Sunday, April 15, 2007

Yes, We Work

It has been noticed that I rarely mention work. Well, here's everything you want to know about the last two weeks. The first week, Teena and Suresh taught the LA Times crew about our site specific applications. We did not have Citrix (the means by which IBM will access the Tribune network) for the first week. A lot of emails and hard work on both sides of the world got that functioning properly by the next Monday. They did a good job of explaining what we do without being able to show the applications or what happens. LAT has/had 12 people on their team. I learned all their names and then David left. He and John had the easiest names to remember for some strange reason. The pictures here are of Teena and Suresh teaching. Chandon is sitting pensively. He is the project manager on the IBM side. We were beginning to make him sick at this point. He had to go back to New Delhi to recover. I'm afraid it was my fault. He was my rock for the first couple of weeks. Whenever I had problems I would call him and shove the phone at the person who was causing my problem. He says I didn't make him sick, but I find that hard to believe.
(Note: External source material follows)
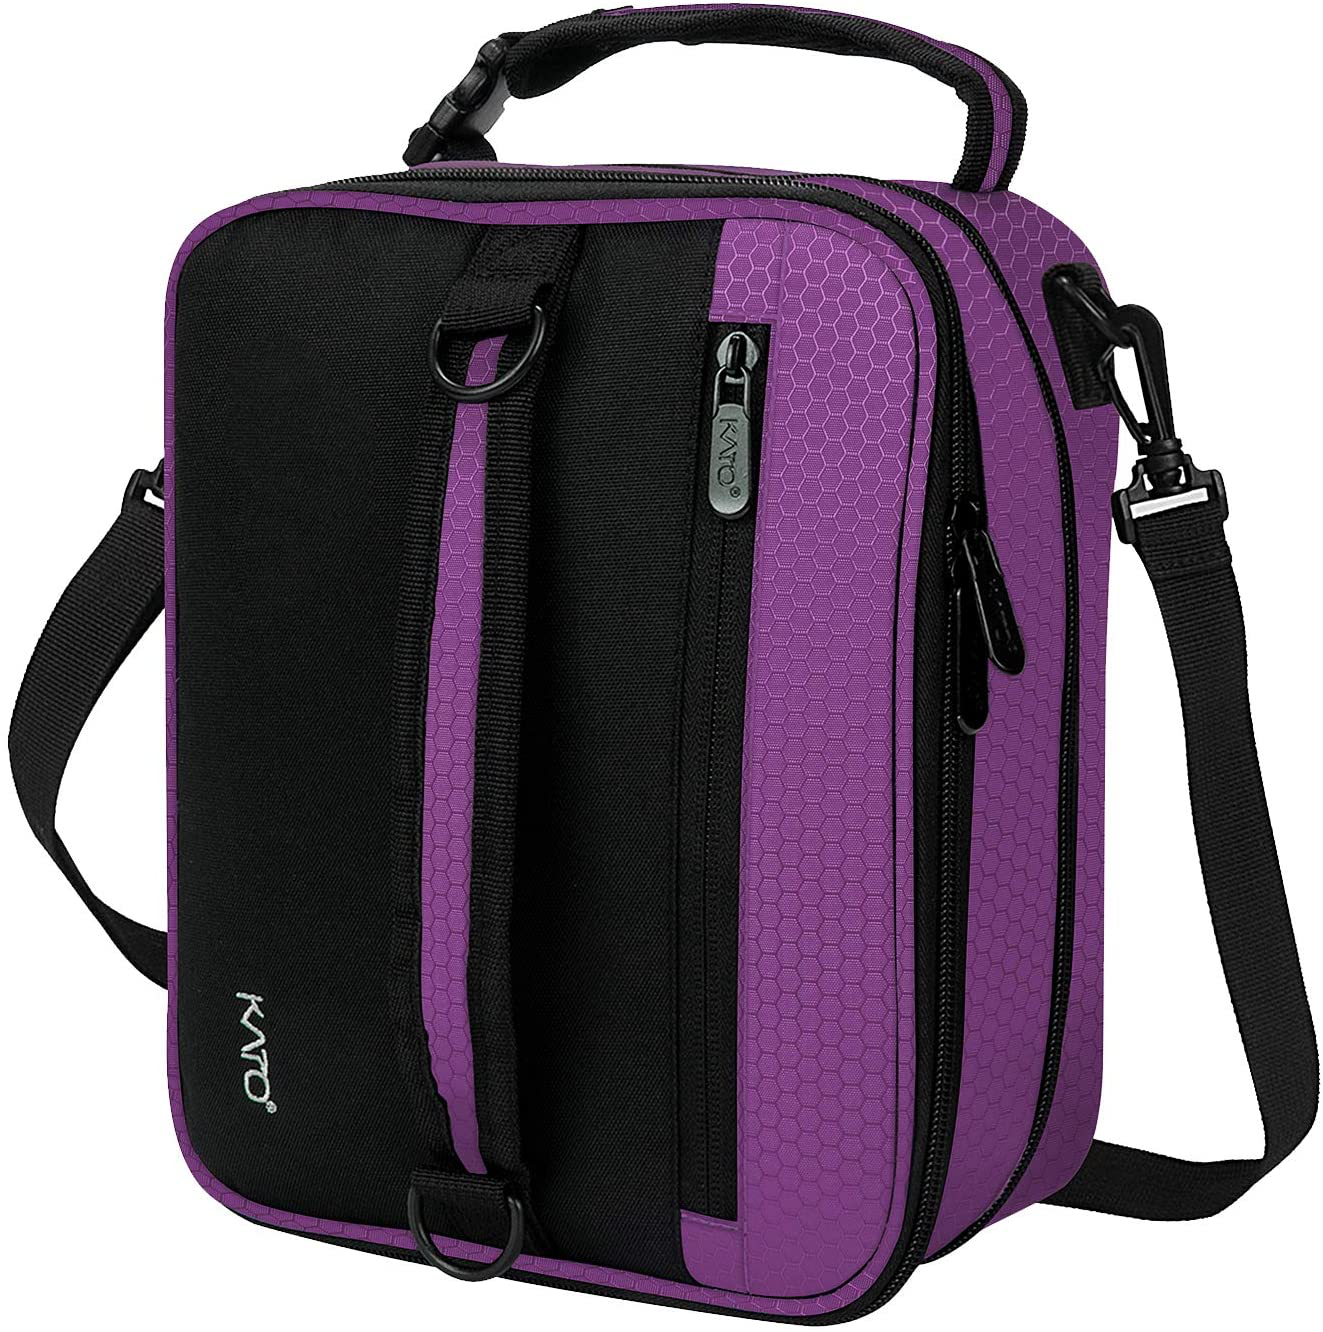 Expandable Insulated Lunch Bag, Leakproof Flat Lunch Cooler Tote with Shoulder Strap for Men and Women, Suitable for Work & Office by Tirrinia, Purple

The students were tested at the end of the week. Suresh and Teena wrote an excellent quiz and all must have passed, because they are all still here (except for David.)
On the second week, we were joined by a mere 40 more students. Well, maybe slightly less. After a brief introduction to Tribune and newspaper in general, the classes were divided in two, in two different training rooms. We now have the other traveling teams from IBM here. Most teach some of the lessons. For most of the week, Panaki and Rishi taught basic hardware and MS Office (including Outlook.) The folks have a lot of documentation to rely on, but what really pleased me was the class exercises. We had Panaki and Suresh working together in our classroom. They would divide the group into teams. Each team came up with a question that a user would ask. It was the task of the other team to ask good questions and resolve the issue. At one point, Suresh wrote down all the questions they asked and pointed out why some were way off, why some could have been better and why some helped resolve the issue. This was perfect. Knowing how a computer or Outlook works is one thing, but asking the questions that will get to the true issue quickly and resolving the problem quickly is key. You can almost see this begin to make sense to the team.
Here are the folks in our room in their native costumes. I dressed as a native Californian. I don't think that's what they were expecting.